Give a piece of cheese every day. 

And then think about how you would feel if the ear never completes its journey. If it is not a huge deal to you, then wait and see. I think it will go up on its own and stay there. But she is not my dog. If it will seriously bother your, glue it. Who cares what the people at your training club say? You are moving anyway. The dog is working like a dream out there. If they give you guff, its just because they are jealous.


----------



## Mrs.K (Jul 14, 2009)

mjbgsd said:


> So are you going to wait?


I don't know!!!!!

that is the problem. in the past couple of days they've all been at my parents because we've had the movers over to pack our stuff. 

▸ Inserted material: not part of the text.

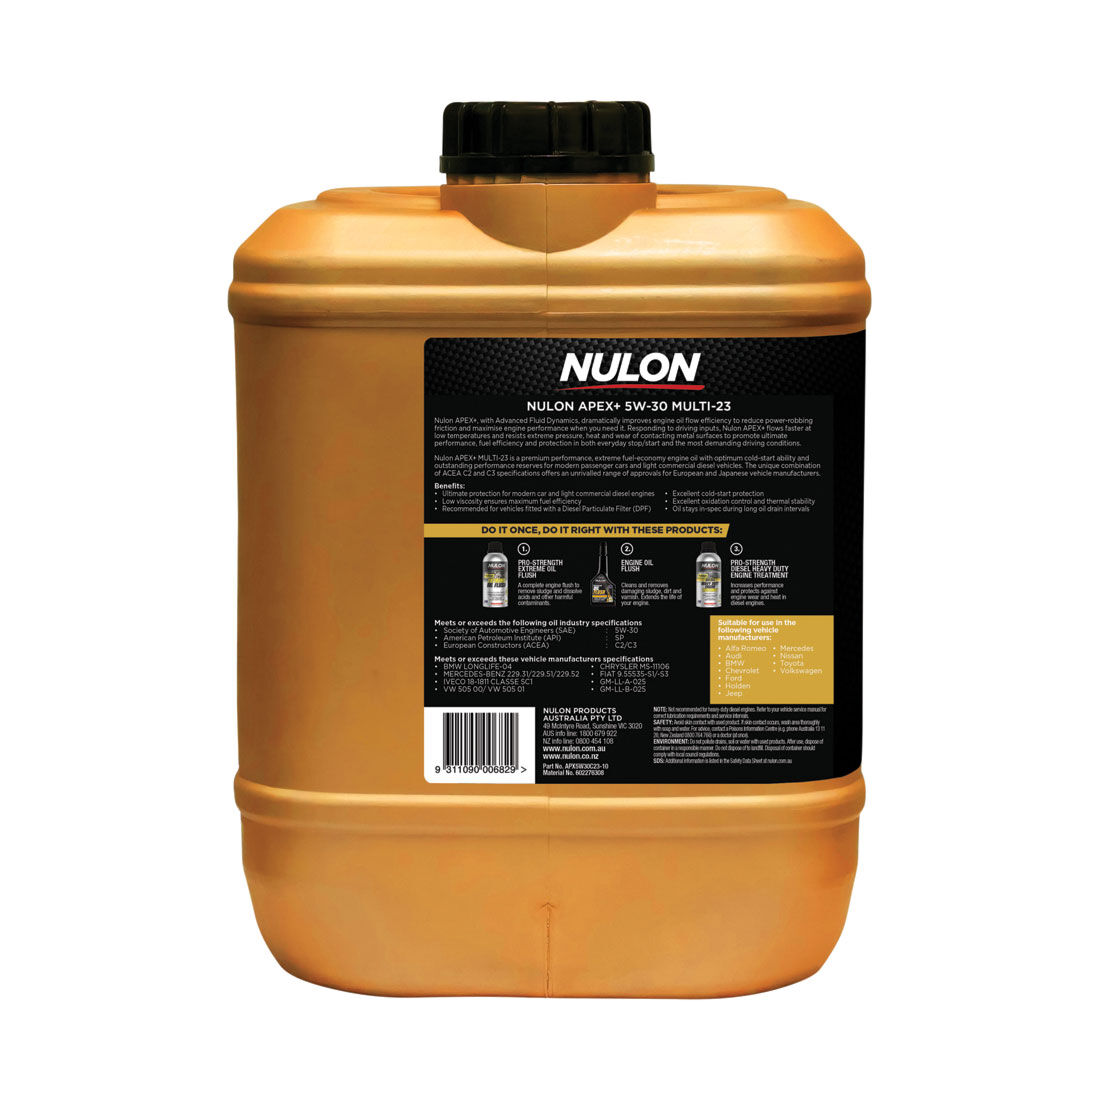 Nulon Full Synthetic Apex+ Multi 23 Engine Oil 5W-30 10 Litre, , scaau_hi-res

Dad said that it would probably take a month of gluing and the ear would be up since she is putting it up on occassion and in the morning. Today it was up for ten minutes and then she dropped it again. 

Mom said I should wait. I am completely torn between them. I'd rather wait because it would be less stress on the dog but at the same time I know that it is a big deal when one of them doesn't go up. 

Personally, I don't know how I'd feel to have a _Schlappohr_. 

:help:


----------



## mjbgsd (Jun 29, 2004)

well, if it were me, I would have taped a while ago. But if it's no big deal, wait. 

If you remember, another poster's dog Brady, didn't go up till he was a year.


----------



## duramax (Dec 7, 2009)

I started with forms on my gsd at 10 months old and at eleven months old his ears have been up on their own for five days now. Don't let anybody here worry you. There is hope. I started at the ten month mark and if the mold came out I put another in right away. And it was only his right ear, it maybe stood up for two days total before he was ten months old.


----------